Frontiers in Plant Science ◽

10.3389/fpls.2021.656158 ◽

2021 ◽

Vol 12 ◽

Author(s):

S. Mukesh Sankar ◽

S. P. Singh ◽

G. Prakash ◽

C. Tara Satyavathi ◽

S. L. Soumya ◽

...

Keyword(s):

Pearl Millet ◽

Magnaporthe Grisea ◽

Resistance Breeding ◽

Genotype By Environment Interaction ◽

Blast Disease ◽

Environment Interaction ◽

Breeding Programs ◽

Genotype By Environment ◽

Desirability Index ◽

Resistant Genotypes

Once thought to be a minor disease, foliar blast disease of pearl millet, caused by Magnaporthe grisea, has recently emerged as an important biotic constraint for pearl millet production in India. The presence of a wider host range as well as high pathogenic heterogeneity complicates host–pathogen dynamics.
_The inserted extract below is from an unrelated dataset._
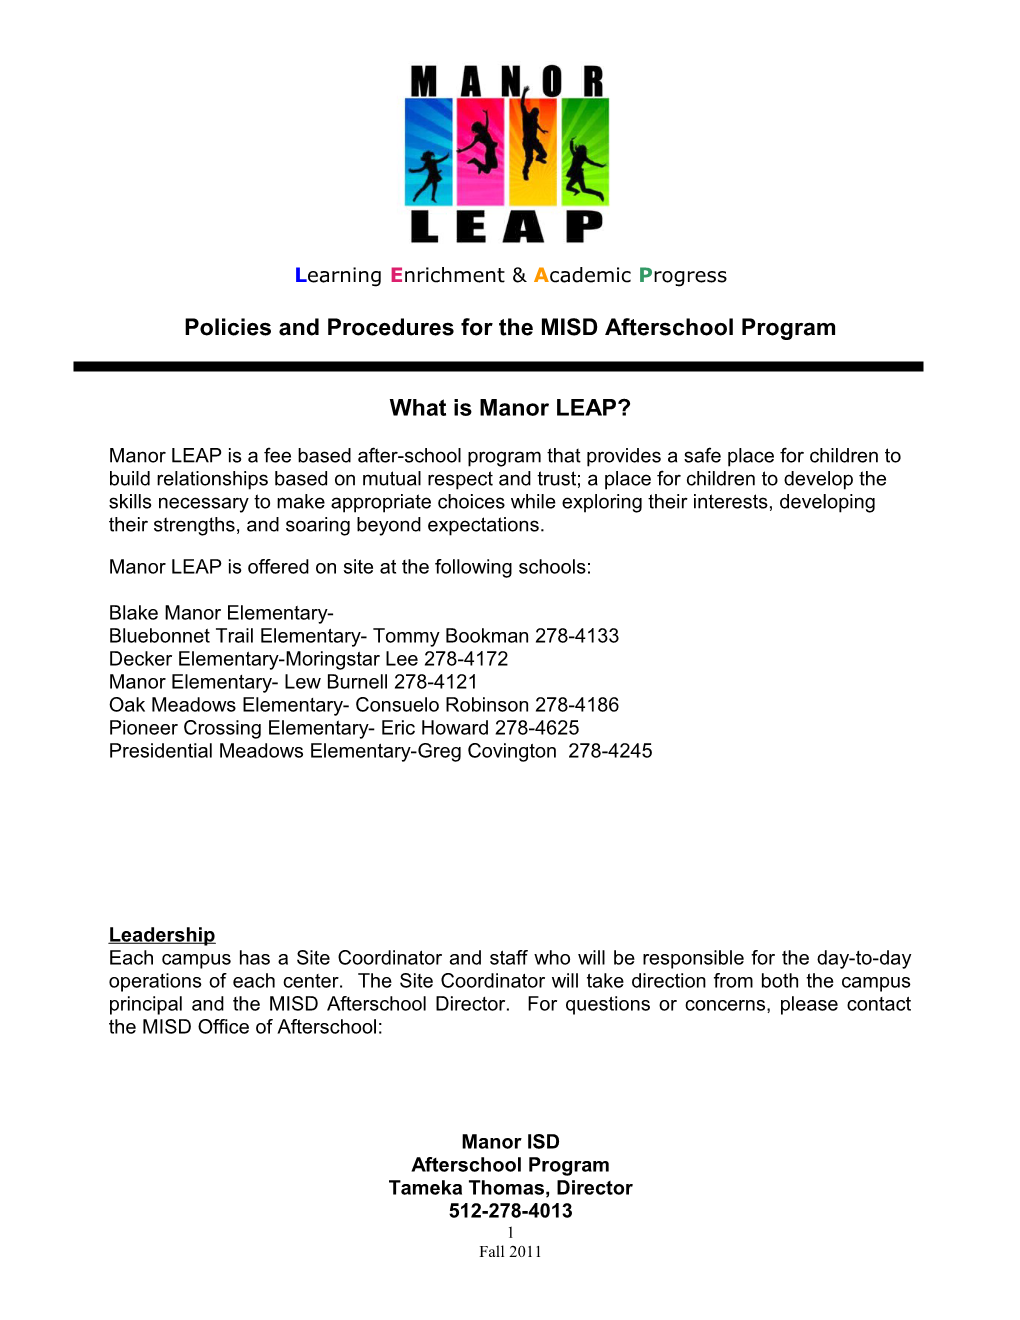 Policies and Procedures for the MISD Afterschool Program
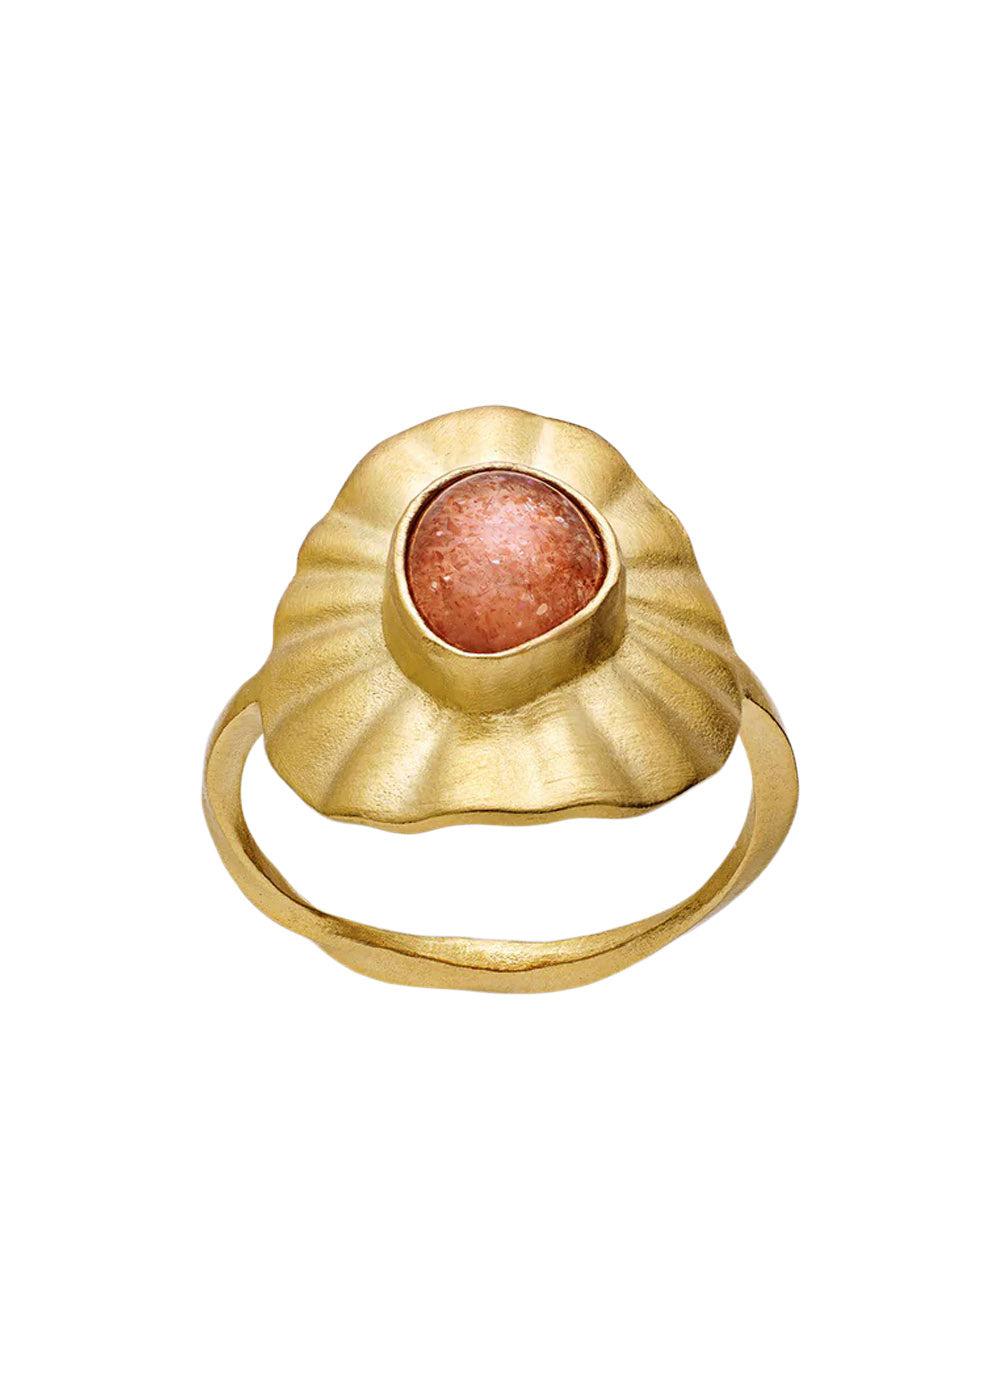 Maanestens Lotus Ring - Sterling Silver (925) Gold Plated. Køb ringe her.

Furthermore, environmental factors play a significant role in exacerbating the disease severity. An attempt was made to unravel the genotype-by-environment interactions for identification and validation of stable resistant genotypes against foliar blast disease through multi-environment testing. A diversity panel consisting of 250 accessions collected from over 20 different countries was screened under natural epiphytotic conditions in five environments. A total of 43 resistant genotypes were found to have high and stable resistance. Interestingly, most of the resistant lines were late maturing. Combined ANOVA of these 250 genotypes exhibited significant genotype-by-environment interaction and indicated the involvement of crossover interaction with a consistent genotypic response. This justifies the necessity of multi-year and multi-location testing. The first two principal components (PCs) accounted for 44.85 and 29.22% of the total variance in the environment-centered blast scoring results. Heritability-adjusted genotype plus genotype × environment interaction (HA-GGE) biplot aptly identified “IP 11353” and “IP 22423, IP 7910 and IP 7941” as “ideal” and “desirable” genotypes, respectively, having stable resistance and genetic buffering capacity against this disease. Bootstrapping at a 95% confidence interval validated the recommendations of genotypes. Therefore, these genotypes can be used in future resistance breeding programs in pearl millet. Mega-environment delineation and desirability index suggested Jaipur as the ideal environment for precise testing of material against the disease and will increase proper resource optimization in future breeding programs. Information obtained in current study will be further used for genome-wide association mapping of foliar blast disease in pearl millet.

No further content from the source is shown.